• ASSIGNMENT:
Exact repetition of a range: find the line containing "スポーツ大会へのボランティア活動" and the line containing "PICKETT BUTTE LOOKOUTApproaching" in the material below, then repeat both and all lines between them, leaving pictures out.

• DATASET:
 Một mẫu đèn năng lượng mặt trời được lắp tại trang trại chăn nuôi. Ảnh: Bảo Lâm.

* * *

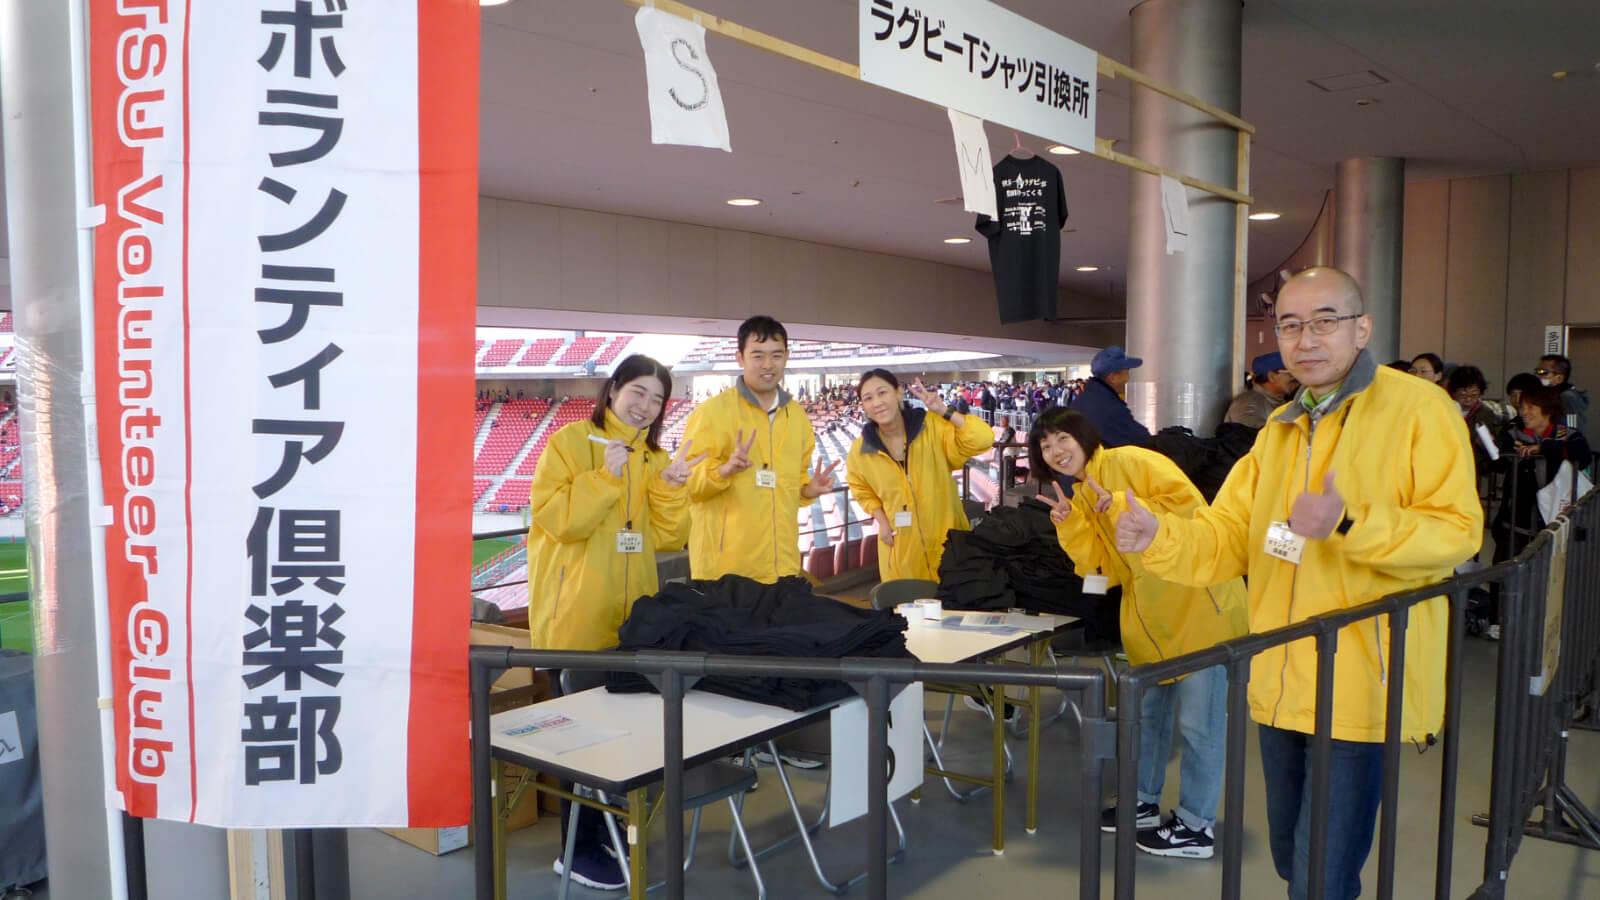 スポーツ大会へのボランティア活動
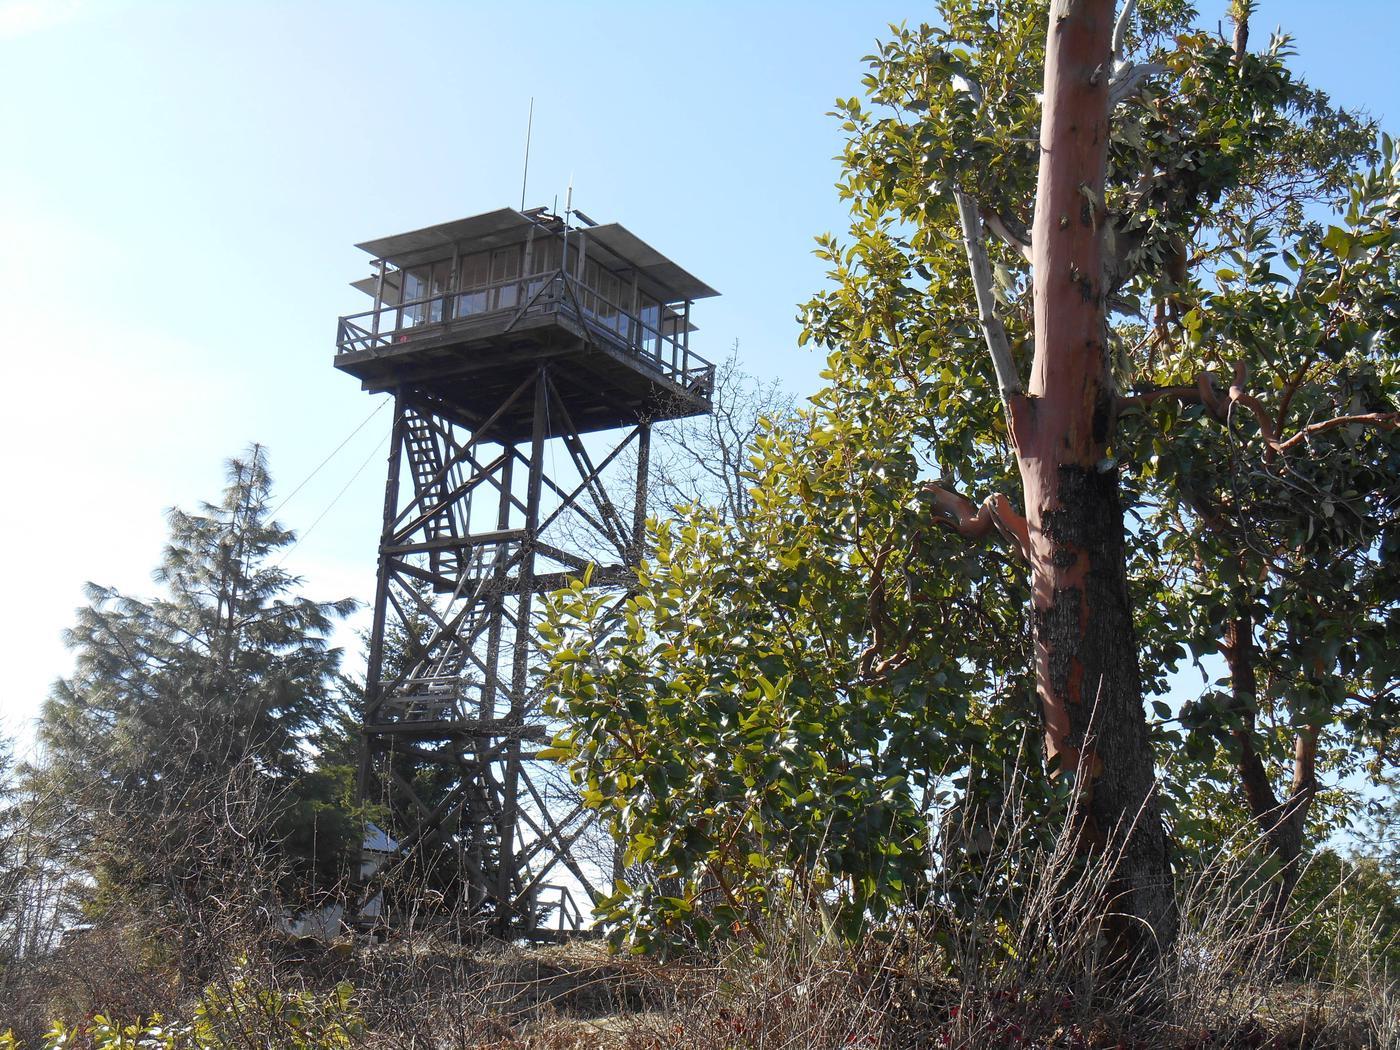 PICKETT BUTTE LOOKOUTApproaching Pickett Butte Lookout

* * *

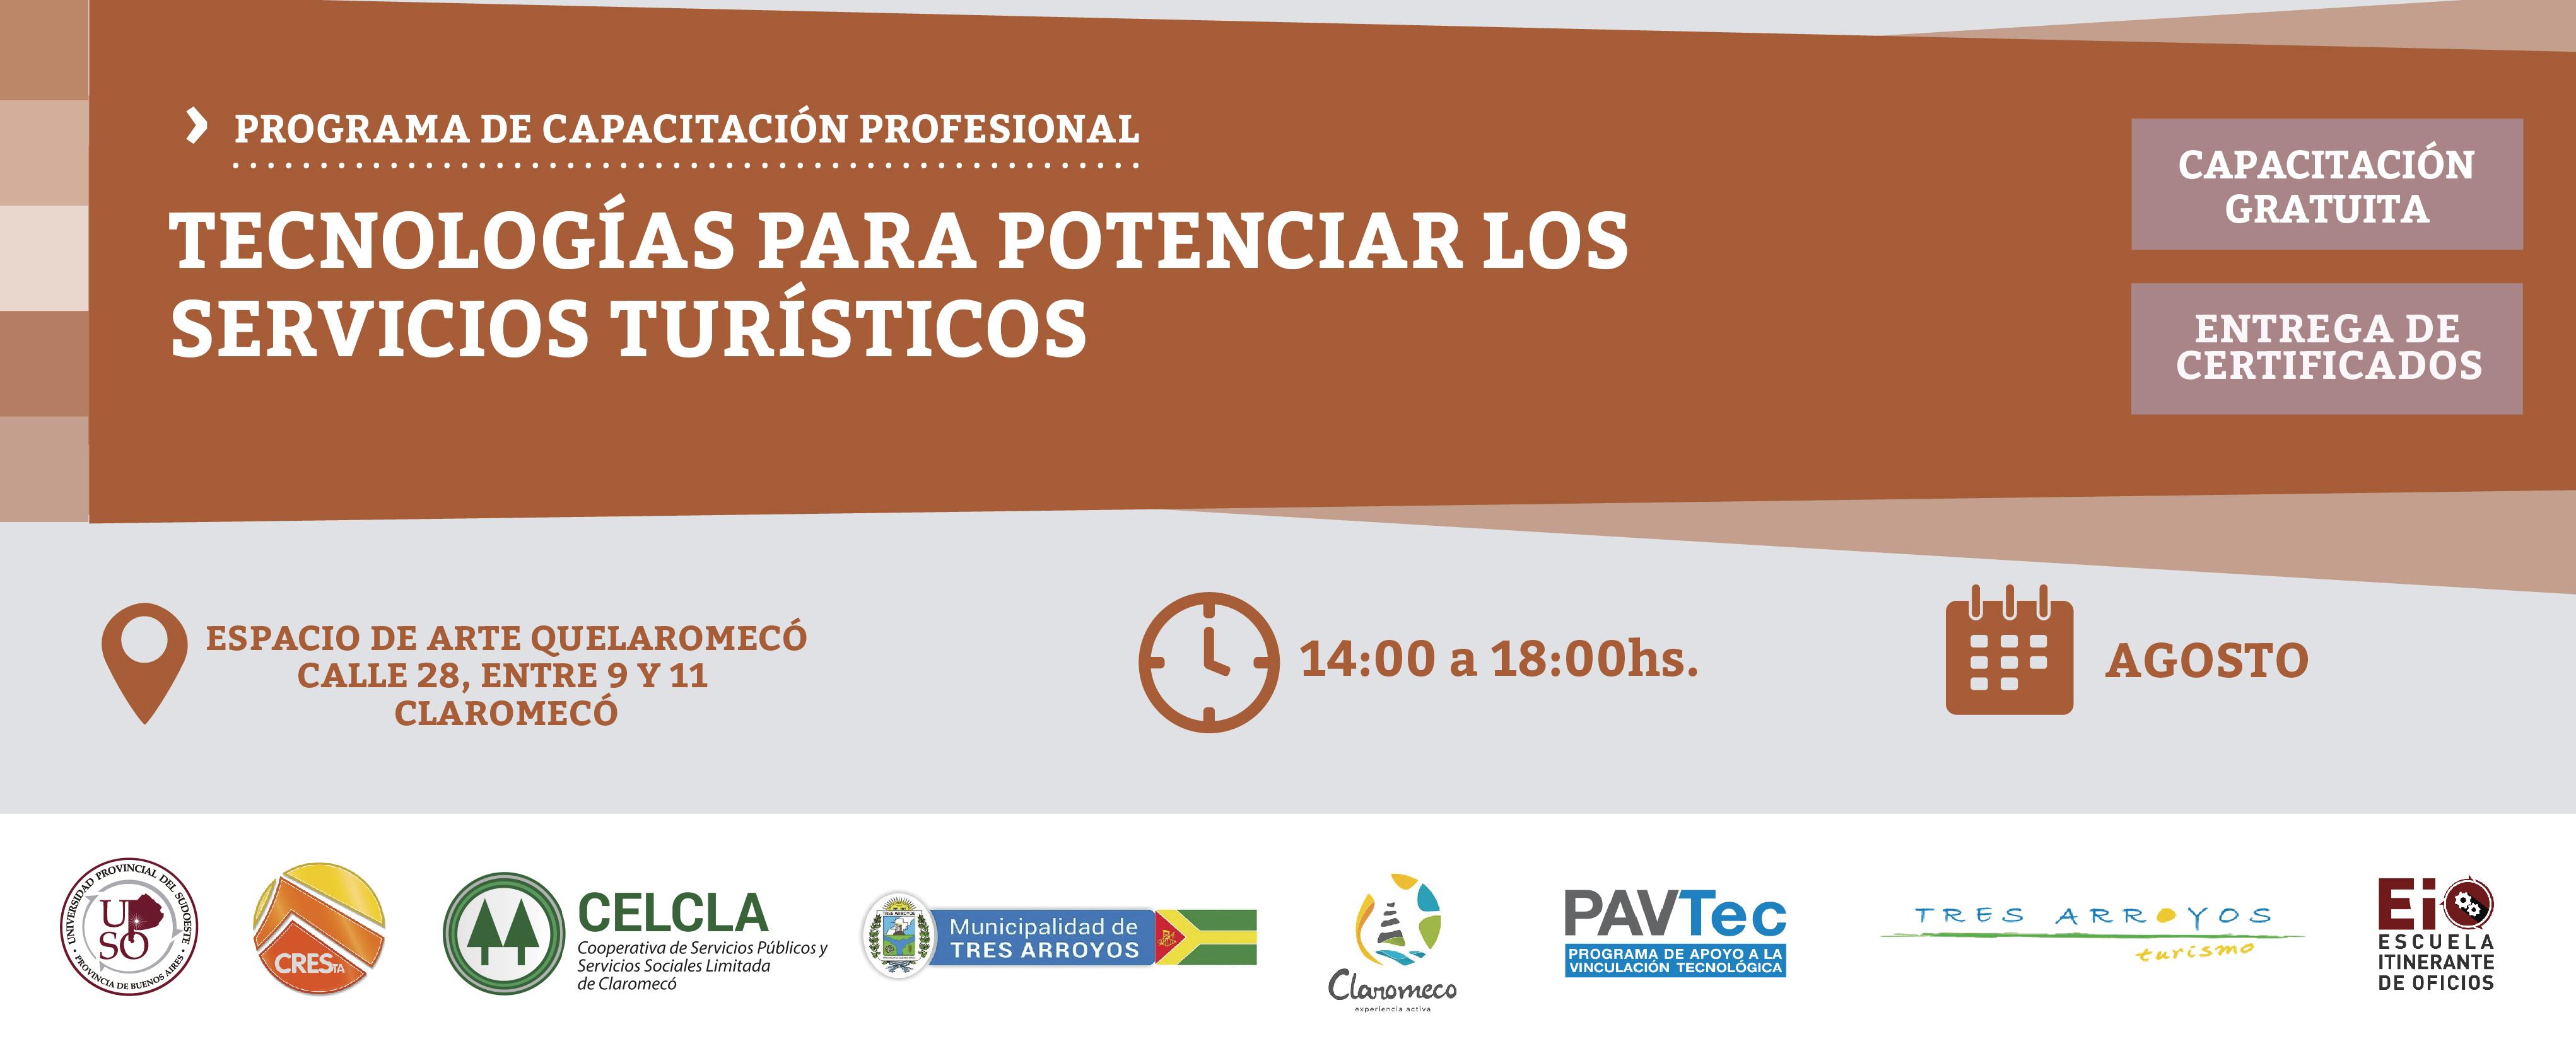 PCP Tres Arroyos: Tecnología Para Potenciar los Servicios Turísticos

• OUTPUT BELOW:
 スポーツ大会へのボランティア活動
 PICKETT BUTTE LOOKOUTApproaching Pickett Butte Lookout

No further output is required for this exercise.